The preamble put into focus that trading DeRozan — even if Leonard walking at season’s end would just speed up an inevitable rebuild, the spin goes (mine included) — was a real risk. He was loyal to Toronto’s bone-chilling core. He was one in a city of transplants who came alone and built a togetherness. “I always look at myself as the outside, as an outcast,” he said Thursday. “When you’re here you kind of got that feeling of being in your own world. And that’s one thing I definitely miss. You’re part of the city. You here. It just felt like a bubble when I was here, and I definitely miss that.” In searching for a higher love, the Raptors gave up the one they’d always have. The results of the game put into focus that the gamble was worth it.
Basketball is predictable — even fickle. But there are moments the game can take on a cosmic rerouting. The right energy — like say, the energy of an entire city welcoming home its favorite son — can lead to unexplainable reversals of fortune. DeRozan, a lifelong defensive weak link, swiped the ball in transition from Leonard, who is nicknamed “The Claw” after his famously giant, strong hands. Whistles were swallowed until they weren’t. Raptors coach Nick Nurse got ejected, picking up two technical fouls in the span of one minute in the third quarter. In the final minutes, Marco Belinelli nailed a trey and Leonard missed one, making it a one-point game.
Fifty-fifty balls started to bounce toward the direction of justice. But only for a time. Mostly, there is no justice in basketball. Its constant repetition — 103 possessions, in this outing — punishes the underdog and endows the game with the rigors of a hard science.
Conduct the same experiment over and over, the outliers disappear. Give Leonard enough pokes at a player of DeRozan’s caliber, and he will find a way to rattle him. It happened in the playoffs from a superior player, every damn time, and it happened in the game’s most critical play Friday night.
DeRozan, who was just a little more control away from clinching the game, crashed into a trap laid out by Kyle Lowry — his best friend and former running mate — and Leonard, who just knew when to poke at the ball. He always knows, which is how he pried it out of DeRozan’s hands in the final 20 seconds and dunked, and why he is a Raptor and DeRozan is a Spur.

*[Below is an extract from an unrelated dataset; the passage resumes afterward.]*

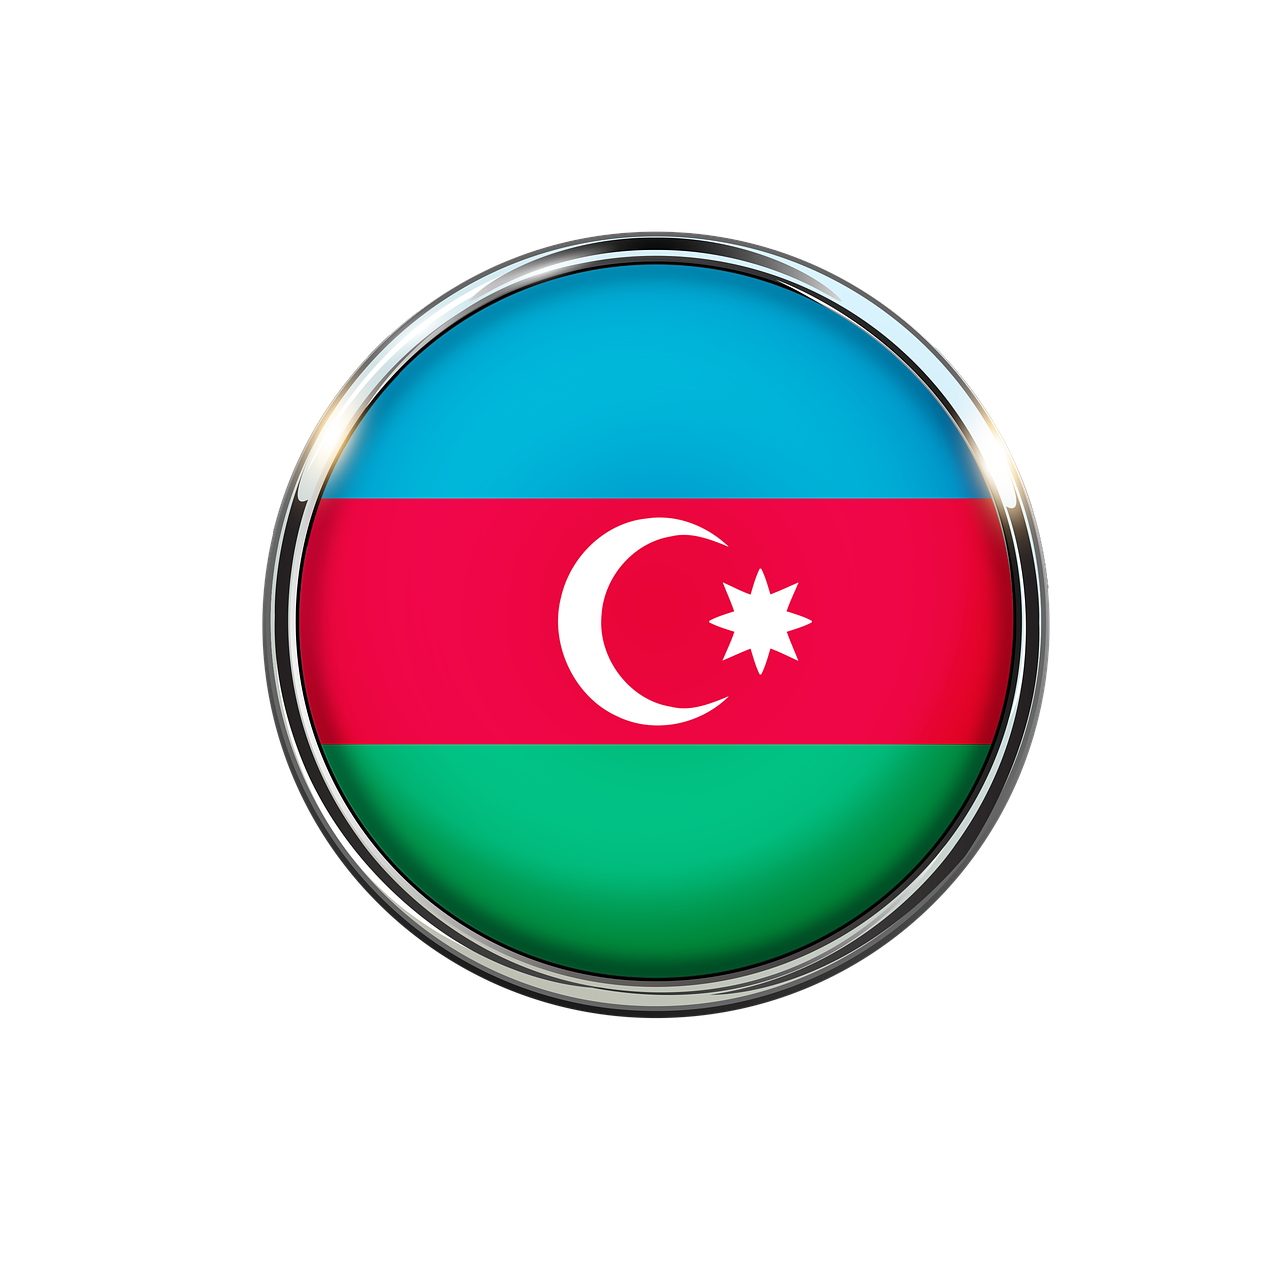 Азербайджан азер. Флаг Азербайджана. Флаг Азербайджана круглый. Республика Азербайджан флаг. Азербайджанские флаг Азербайджана.

“We hang in and figure it out,” Nurse said after the game. “We act like we’re expecting to figure out a way to win a lot lately.” That’s not random. It’s intelligence and skill and repetition.“I could see ’em saying, ‘Don’t foul,’ to each other,” Nurse continued. “I could see Kyle — ‘We’re not going to foul,’ telling [the refs] that. Really, really heads-up play by him.”
Early on, DeRozan couldn’t touch the ball without making the arena roar. As the game wore on, the cheers slowly dwindled. The crowd settled into the odd familiarity of it all. Its allegiance was made clear when the first “Refs, you suck!” chant broke out. In the final minute, DeRozan was isolated against Leonard. He drove, pump-faked and got the and-one. Fans booed DeRozan at the free-throw line, their noisemakers crashing together with more force.
But not like they booed Vince Carter or Chris Bosh or Tracy McGrady or many of the other Raptors who have departed. They weren’t just booing to unite against something. They booed because they have something worth cheering for. The skeptics who entered wondering why this all-in championship push was so necessary left as believers.
Trust Leonard, who has never minced words, to distill things down to their core. “DeMar did a great job here with his nine-, 10-year run,” he said when asked about the fan reaction. “Tonight, the fans came out and showed him love, but they still knew what we were here for and that was to get the win.”